Hoje a Igreja celebra São Joaquim e Sant’Ana, padroeiros dos avós










REDAÇÃO CENTRAL, 26 Jul. 17 / 05:00 am (ACI).- Neste dia 26 de julho, é celebrada na Igreja Católica a festa dos pais da Santíssima Virgem Maria e avós de Jesus, São Joaquim e Sant’Ana. Em razão desta data, comemora-se também o Dia dos Avós.

Ambos os santos, chamados padroeiros dos avós, foram pessoas de profunda fé e confiança em Deus; foram os encarregados de educar no caminho da fé sua filha Maria, alimentando seu amor pelo Criador e preparando-a para sua missão.


Bento XVI, em um dia como este em 2009, destacou – através das figuras de São Joaquim e Sant’Ana – a importância do papel educativo dos avós, que na família “são os depositários e muitas vezes as testemunhas dos valores fundamentais da vida”.

Em 2013, quando estava no Rio de Janeiro (Brasil) para a Jornada Mundial da Juventude, coincidindo sua estadia com esta data, o Papa Francisco destacou que “São Joaquim e Sant’Ana fazem parte de uma longa corrente que transmitiu o amor a Deus, no calor da família, até Maria, que acolheu em seu seio o Filho de Deus e o ofereceu ao mundo, ofereceu-o a nós. Vemos aqui o valor precioso da família como lugar privilegiado para transmitir a fé!”.

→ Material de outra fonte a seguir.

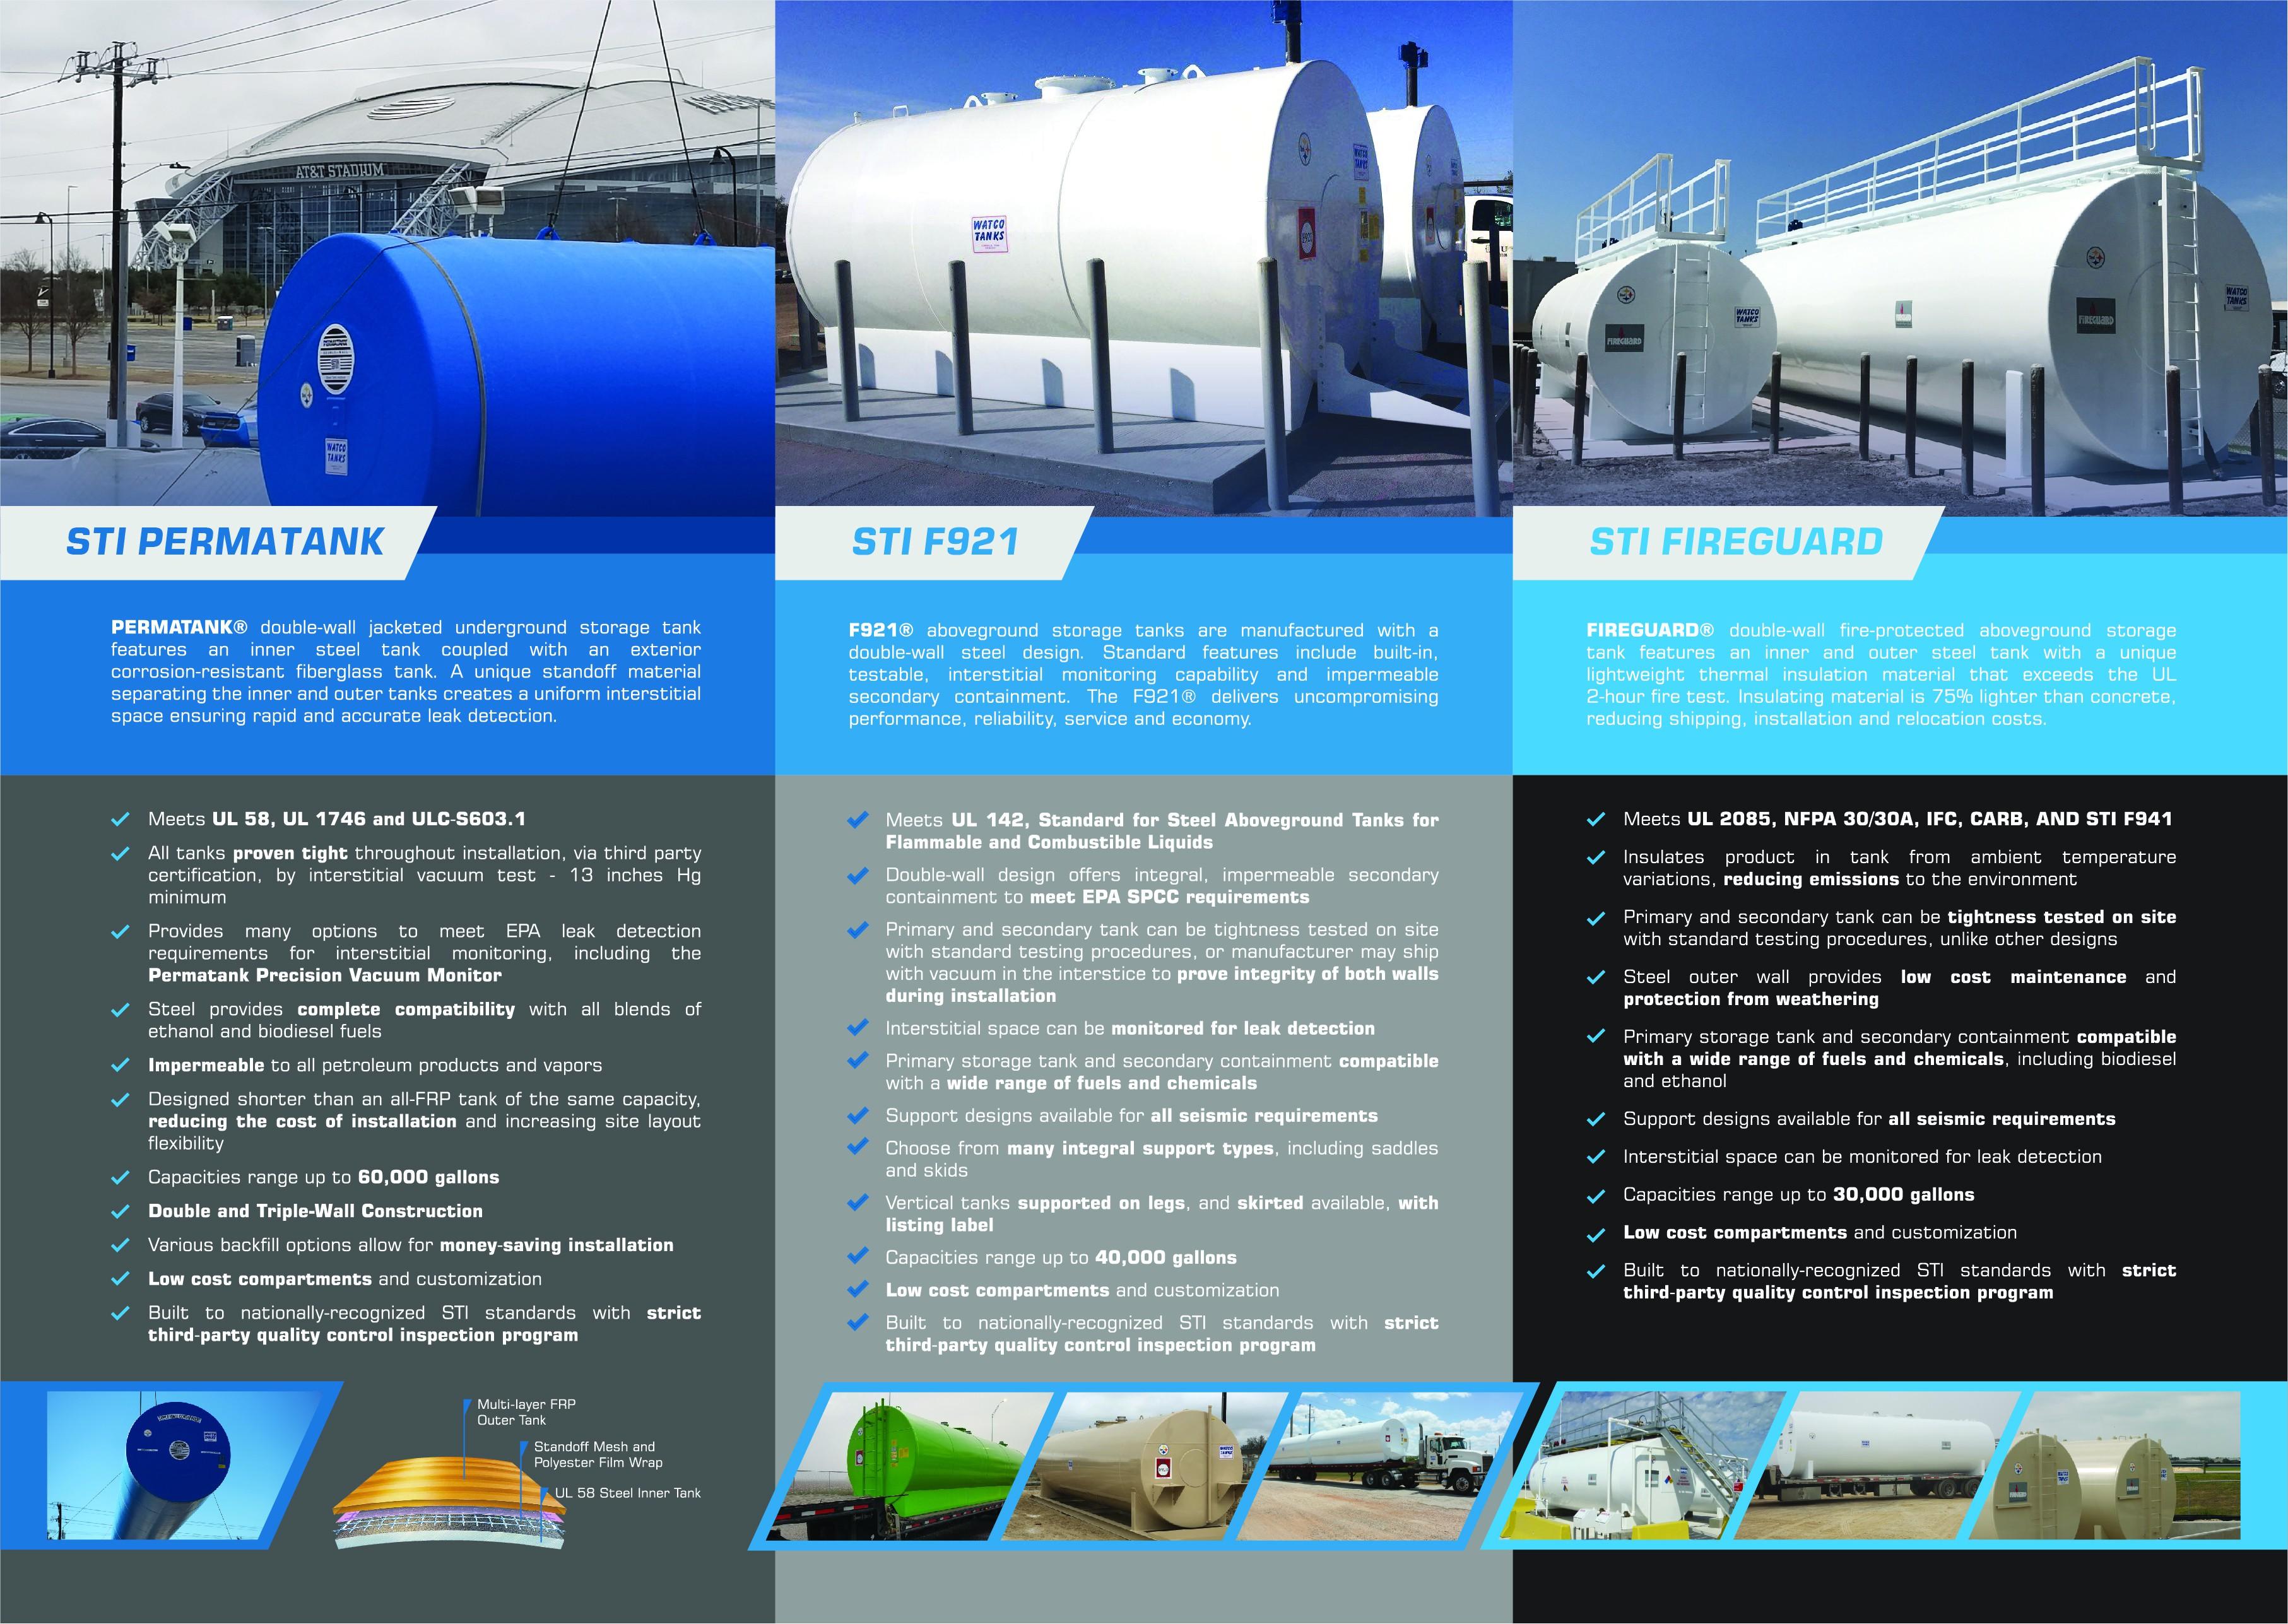 Watco Tanks Product Brochure

“Olhando para o ambiente familiar, queria destacar uma coisa: hoje, na festa de São Joaquim e Sant’Ana, no Brasil como em outros países, se celebra a festa dos avós. Como os avós são importantes na vida da família, para comunicar o patrimônio de humanidade e de fé que é essencial para qualquer sociedade! E como é importante o encontro e o diálogo entre as gerações, principalmente dentro da família”, acrescentou o Pontífice.